What is needed:
From the listing below, give again exactly the lines from the line with "Apartamento moderno en" to the line with "ブラストに関して桃電気脱毛装", ends included, without any pictures.

━━━━━ Information given ━━━━━

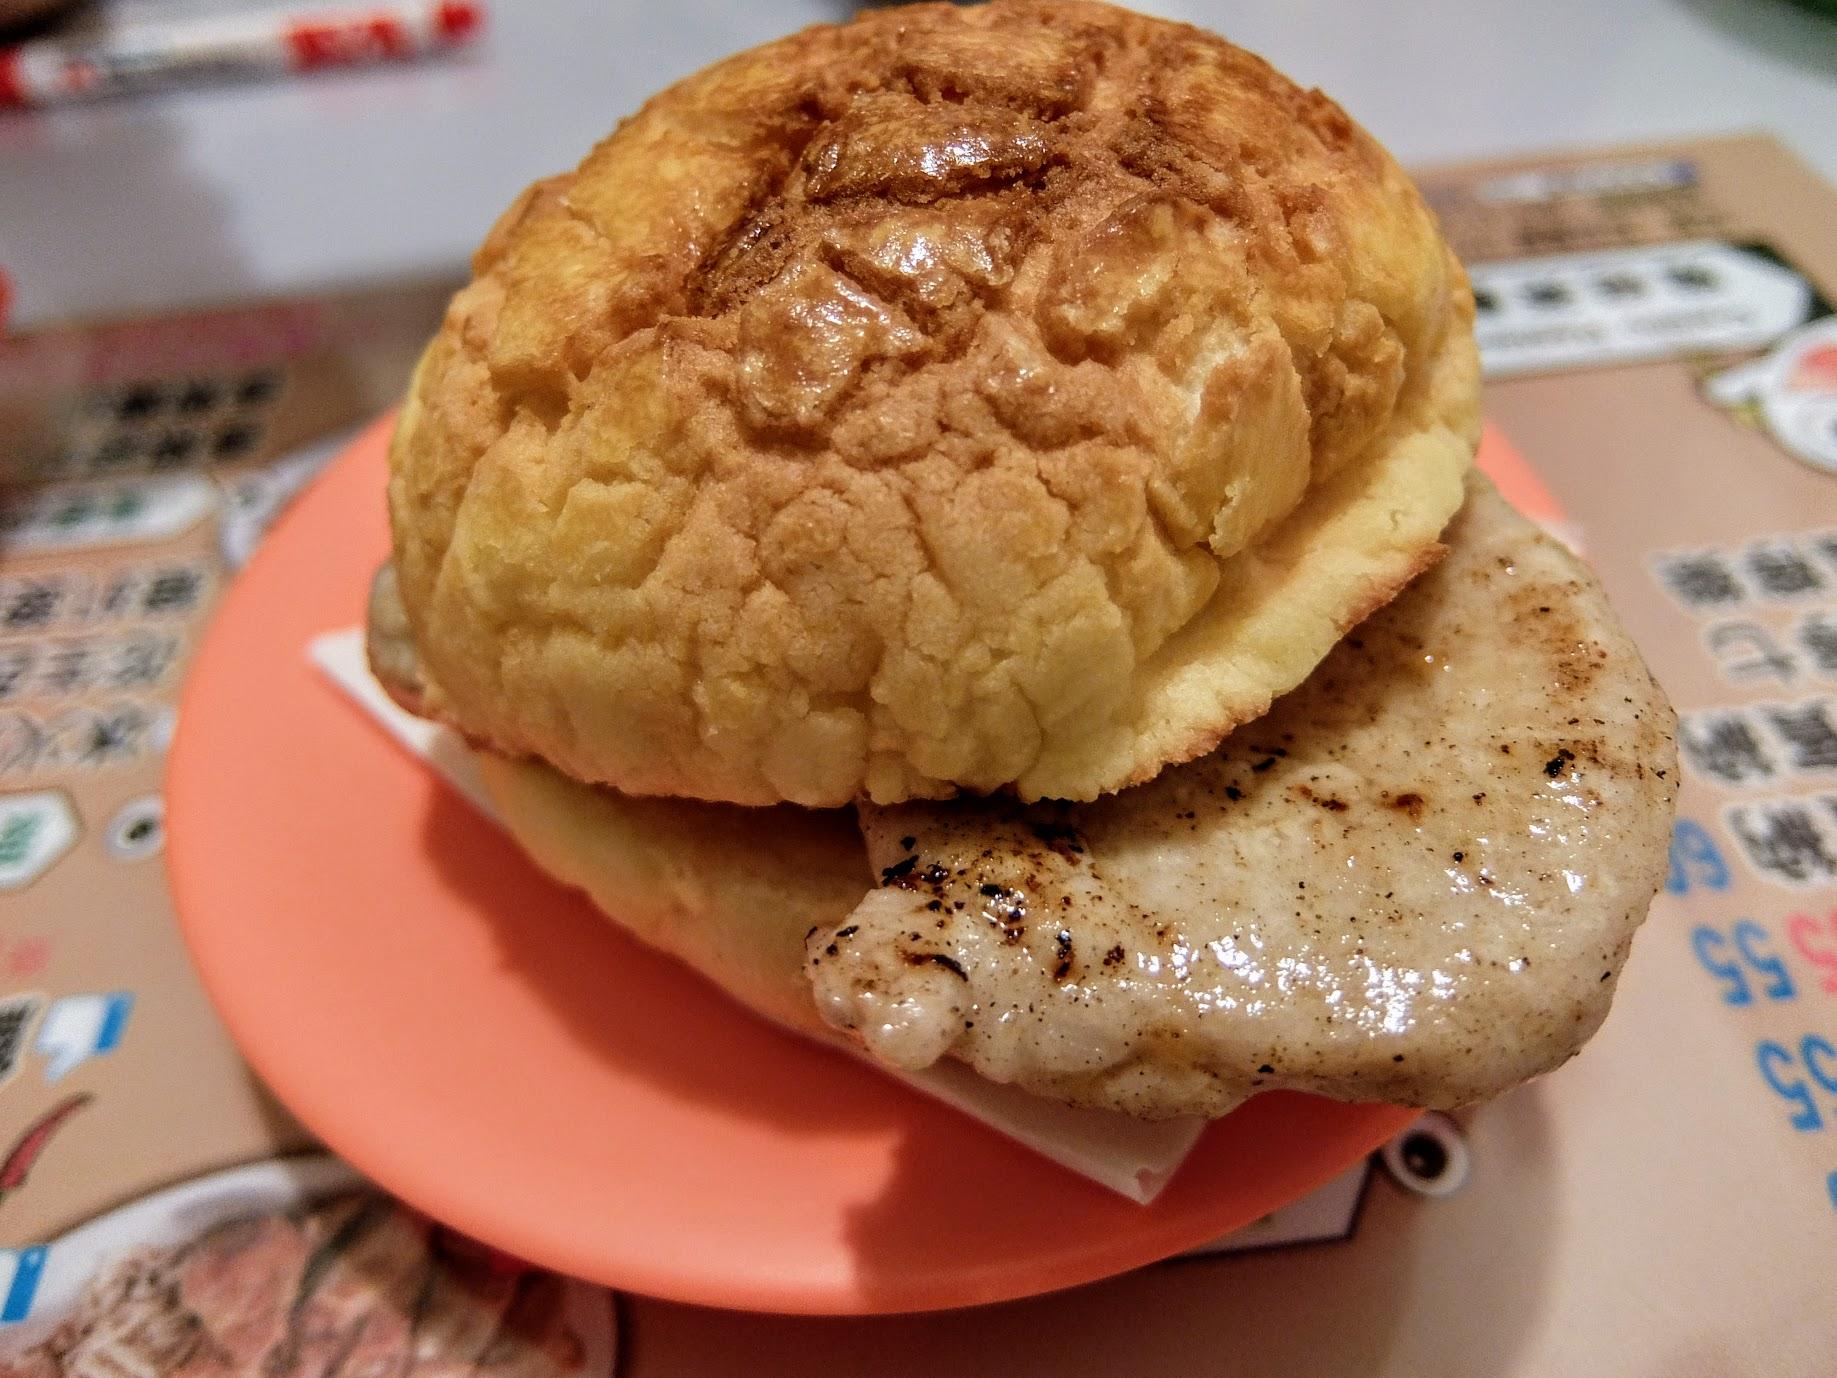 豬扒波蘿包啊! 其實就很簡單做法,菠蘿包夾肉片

━━━━━
━━━━━ Information given ━━━━━

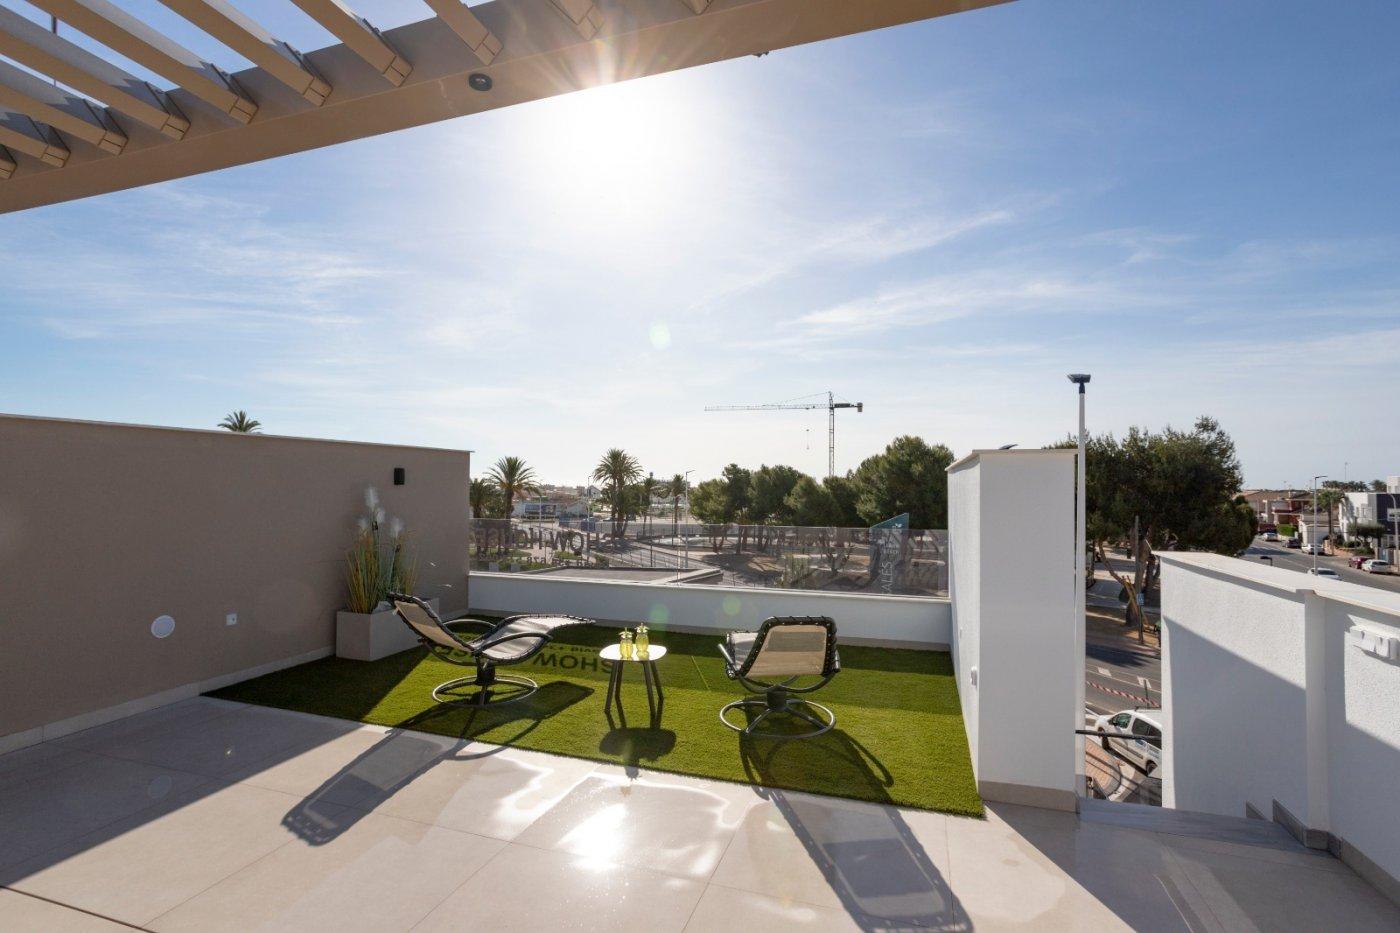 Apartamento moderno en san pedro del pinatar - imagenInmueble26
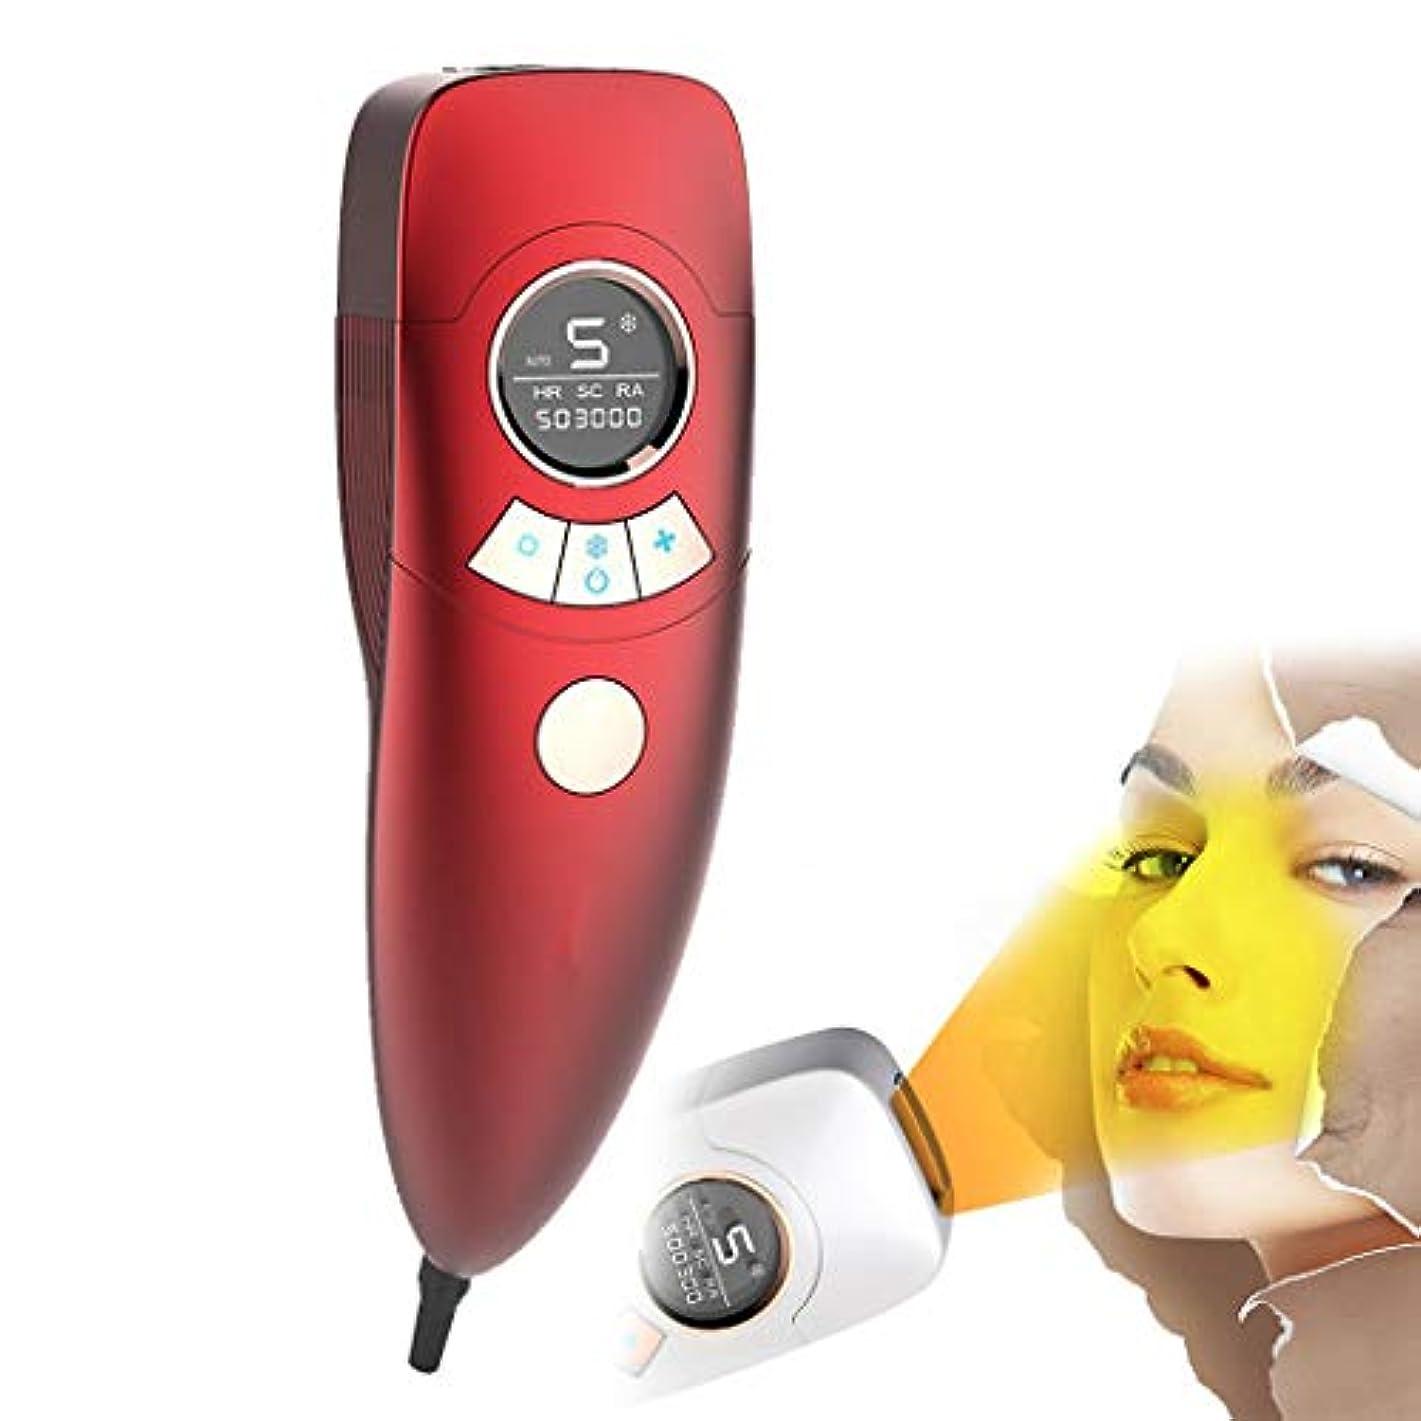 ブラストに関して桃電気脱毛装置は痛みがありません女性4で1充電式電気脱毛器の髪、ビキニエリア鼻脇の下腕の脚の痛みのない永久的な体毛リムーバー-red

━━━━━
━━━━━ Information given ━━━━━

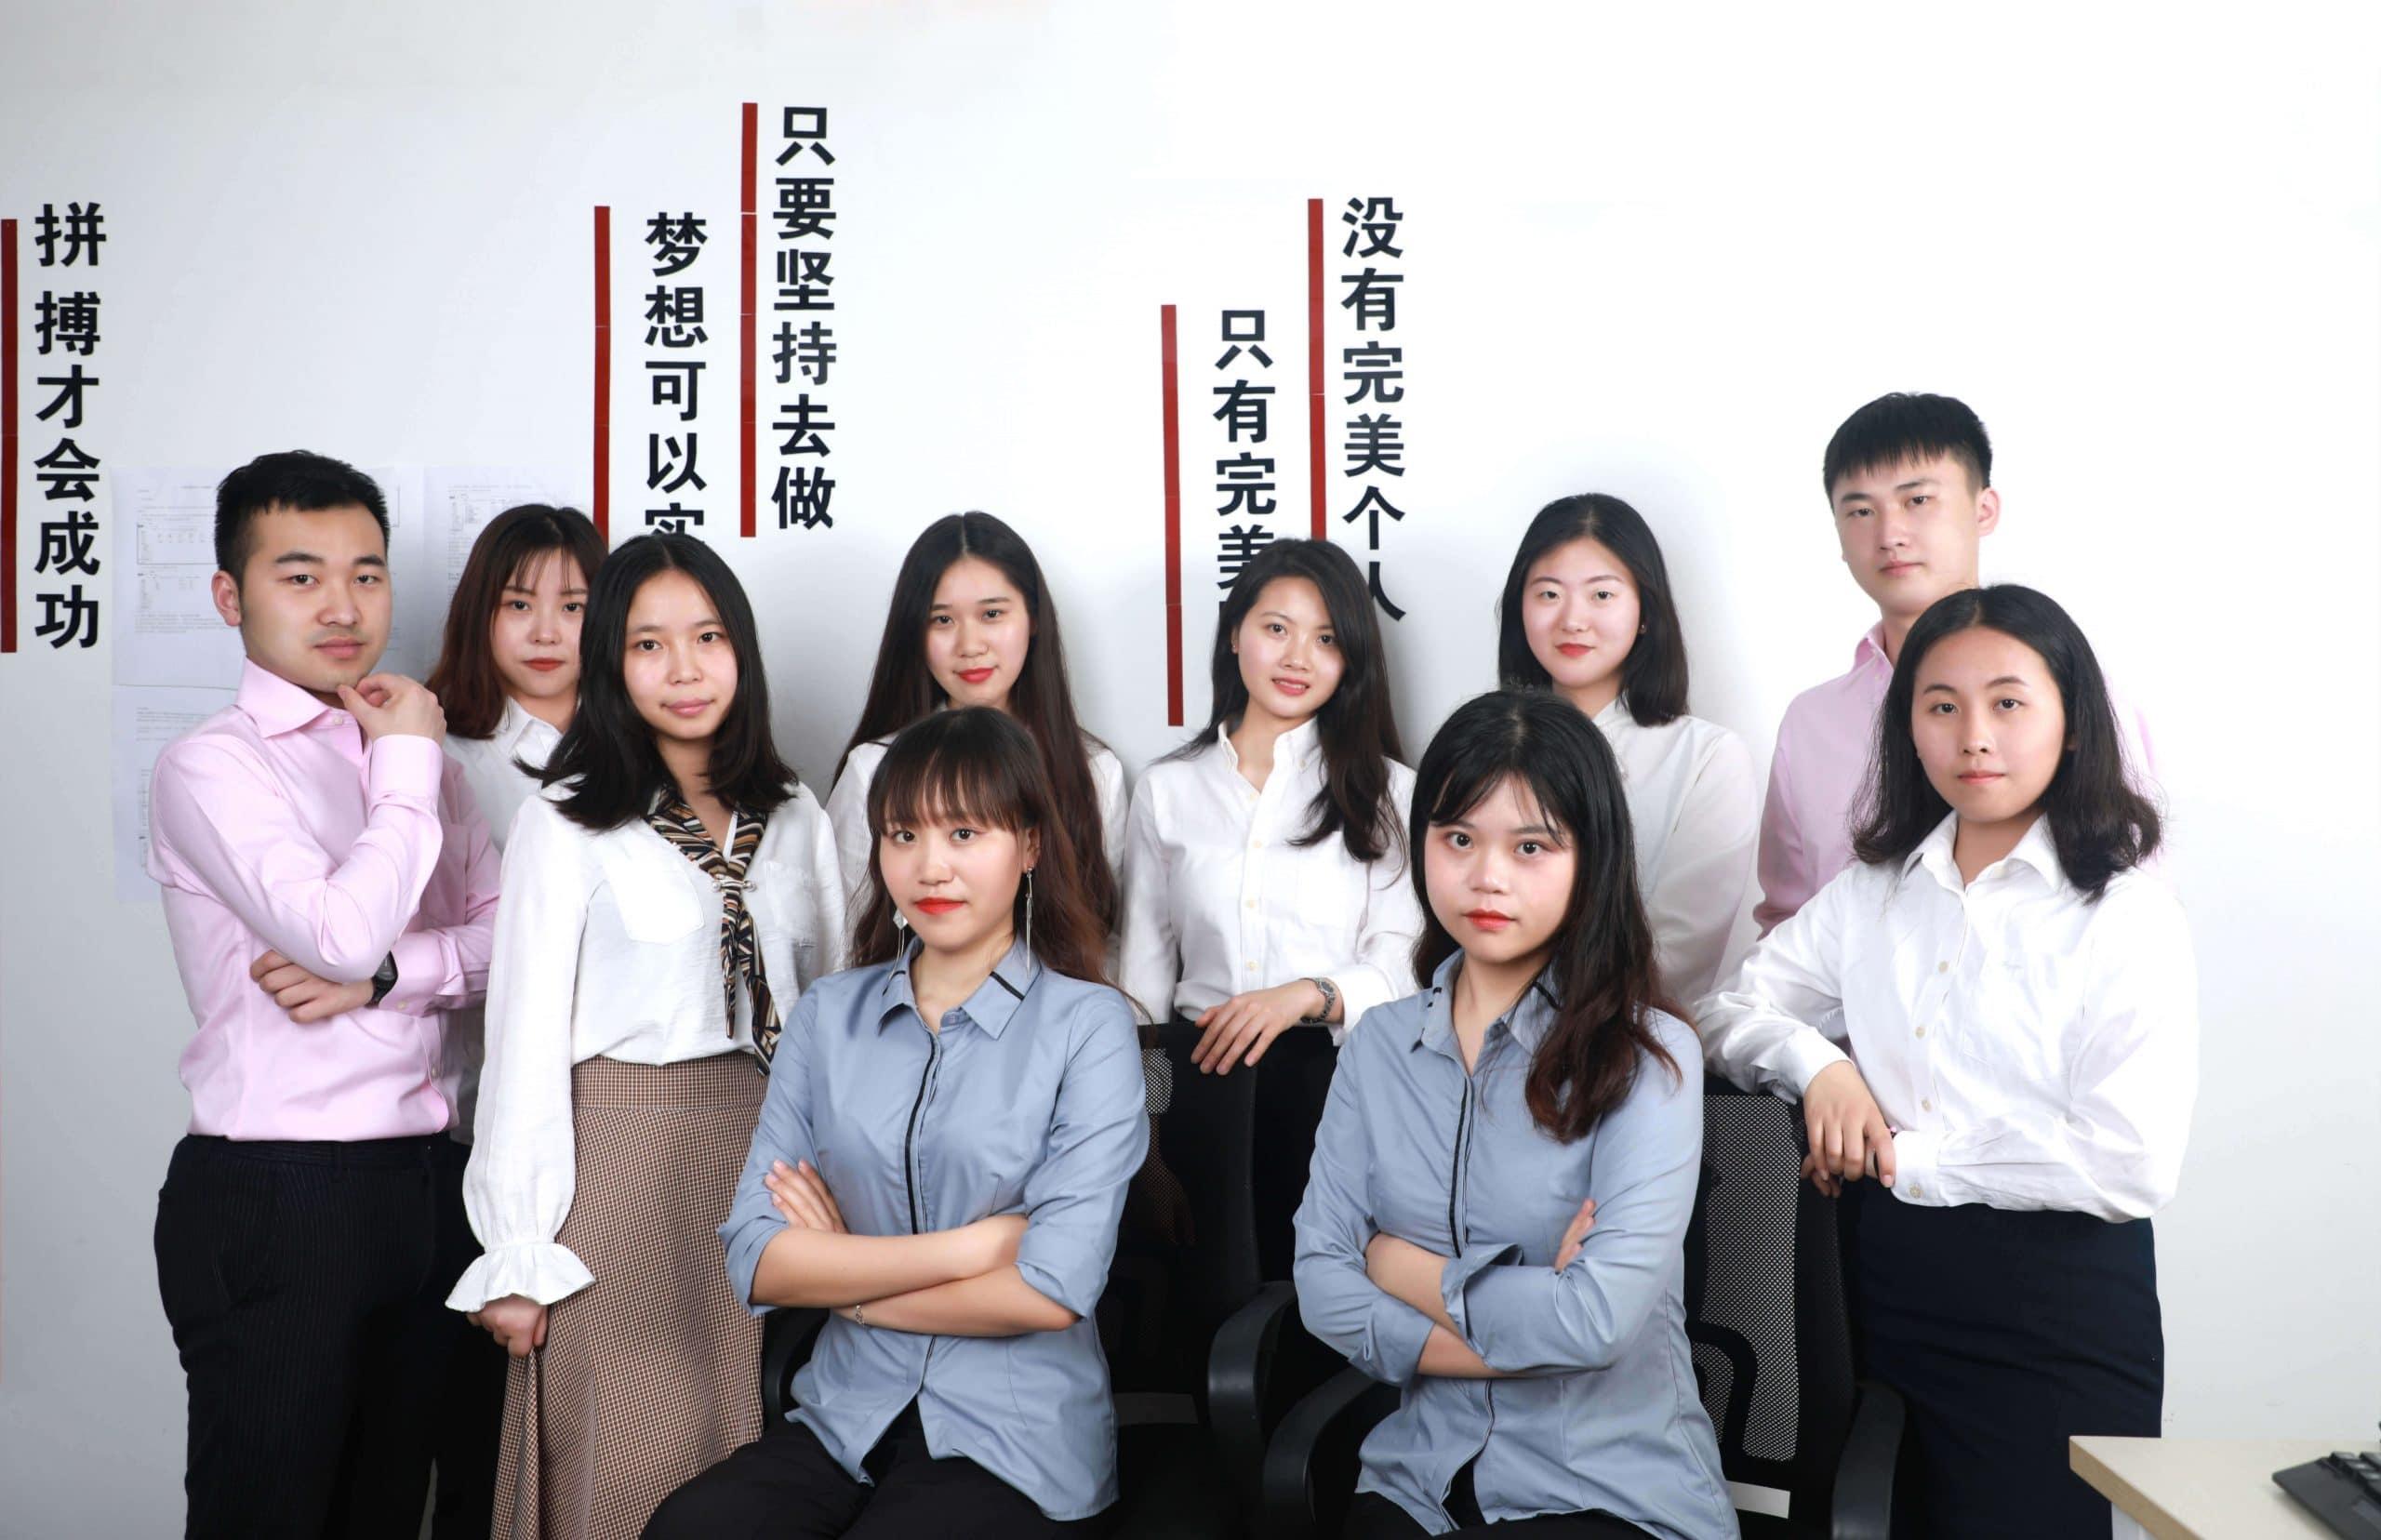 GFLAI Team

━━━━━

Problem solution:
 Apartamento moderno en san pedro del pinatar - imagenInmueble26
 ブラストに関して桃電気脱毛装置は痛みがありません女性4で1充電式電気脱毛器の髪、ビキニエリア鼻脇の下腕の脚の痛みのない永久的な体毛リムーバー-red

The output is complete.